Remember how great it was going to be at home? How much I was going to be able to relax, spend time with friends, fill my tank? Well...

It's almost as great as I hoped. By far the best part is the connecting. We went shopping the day after Thanksgiving, along with half of the population of Minnesota. We stood in line and talked to the folks around us, we shopped and asked other shoppers for advice, we ran into a childhood friend and chatted about her five(!) kids, we saw my third grade teacher and heard about her recent retirement. There was so much... conversation. I could hardly believe it. My inner extrovert was ecstatic.

And then the road trip. For some reason I really want this blog to be a somewhat complete record of my life (ha!) and so I have this urge to capture every emotion, every reunion, every mundane detail. But right now I am too busy living it to write about it in insane detail. This, I have decided, is a Very Good Thing.

So many highlights. Mostly these highlights consist of names and faces, old friends, new friends, new kinds of friends entirely. I saw two awesome movies in quick, exhausting, exhilarating succession - Rent and Goblet of Fire, both commendable in their separate ways and for their separate audiences. I could go on, but (see above explanation).
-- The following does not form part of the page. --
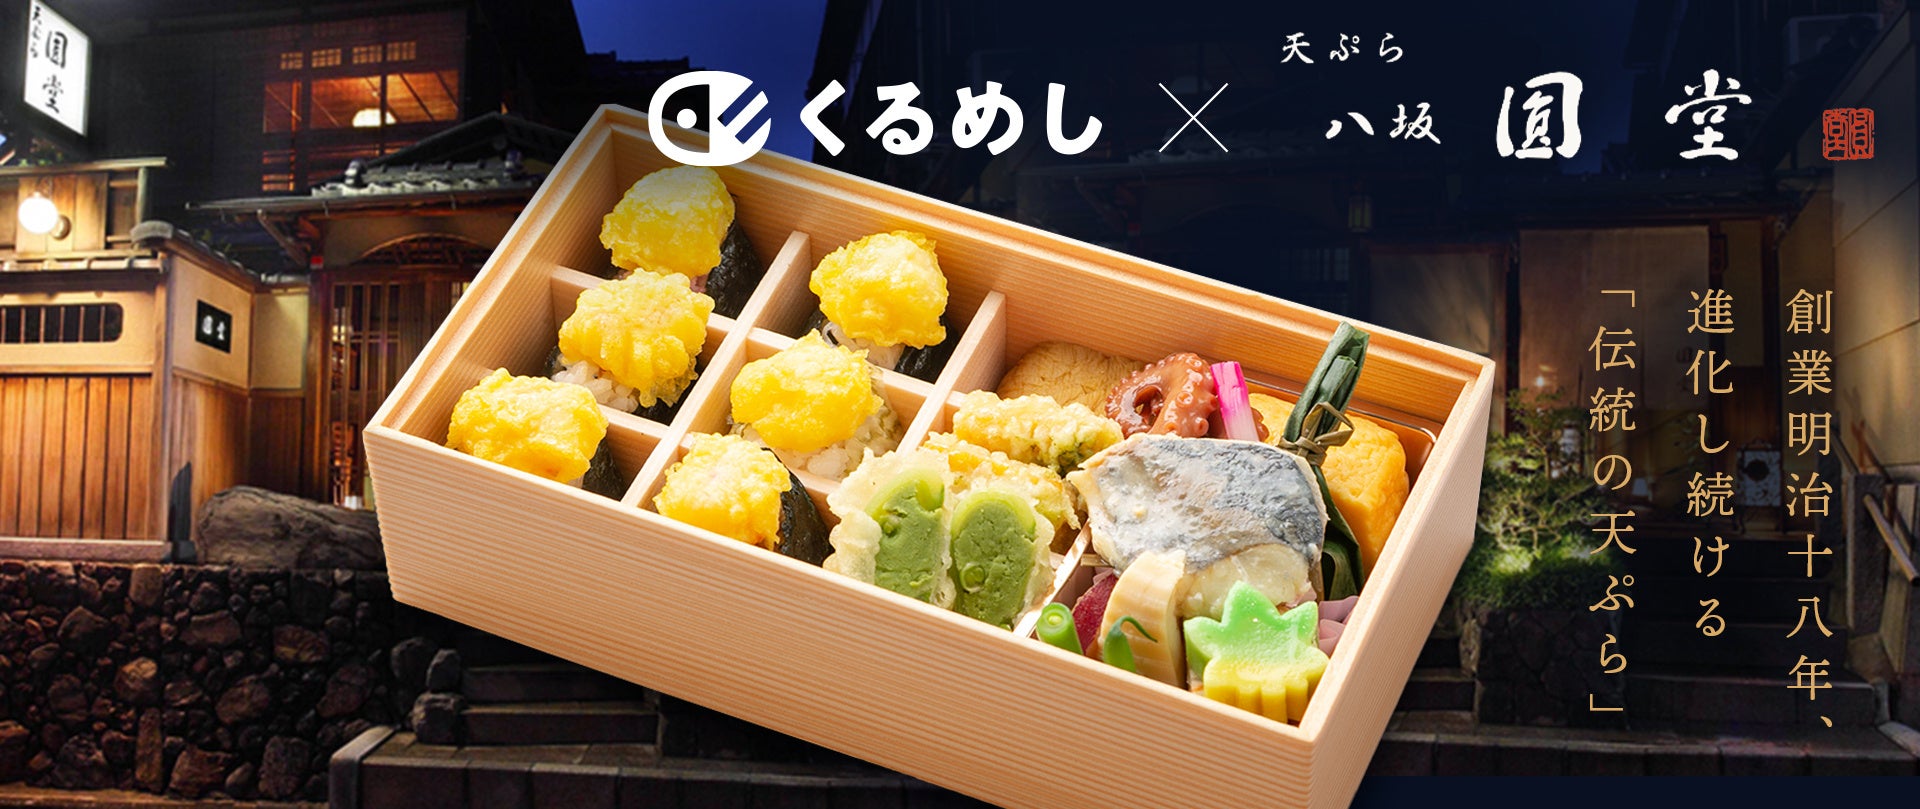 食べログ 天ぷら 百名店 掲載 「天ぷら八坂圓堂」がくるめし弁当で法人向けデリバリーをスタート

One concrete highlight that I am pleased to share: I think I have a plan for next year! At least, there appear to be no great obstacles to the plan at this point. I met for a long, lovely conversation with He Who Has the Power Concerning These Things and His Awesome Assistant, and it appears that if I want to be here next year (in this particular Midwestern city), there would be a very neat position available to me. One that sparks my vocational passions. One that allows me to live in close proximity to my friends - perhaps very close, depending on how that all goes. It's concrete enough and probable enough to give me a hook to hang my hope on. I think that was perhaps what I was searching for most desperately on this trip: something to help me get through the remaining months of... well, you know... my job (insert appropriate metaphor here).

I am so much happier here. Not happy in the life-is-perfect-tra-la-la way, but in a way that seems to balance itself out in the end, where the good times and the bad times add up to make a life, instead of consistently coming up short, which is how I have been feeling over there lately. It is good to know that I am still capable of this balance, that my Happy has not gone permanently flaccid from lack of exercise. I am not looking forward to going back. In fact, in my most tired and vulnerable times, when my allergies and my stupid jet lag combine to erode my defenses, I bawl when I think about getting back on that plane. But for the most part I am doing a remarkably good job of taking things as they come and tanking up so that I can survive the desert.

3 comments:

Anonymous said...

Your conversation about next year gives me hope too! Hope for you and hope for me! A friend much closer to me who I would be bound to see more often--at the very least at those events that us rostered type folk end up at throughout the year.

Arabella said...

Great post. That's wonderful about next year! I know exactly what you mean about not having time to record the details because you're too busy living. I'm glad your time at home is giving you what you need.

Anonymous said...

Hi Jess,
It goes without saying that our get-together was fabulous, once again. :) What would we do without "us?" Becca was just saying that we are the grown-up version of the "Sisterhood of the Traveling Pants." Have you seen it?

I am thrilled that you may be coming back next year. Follow your heart.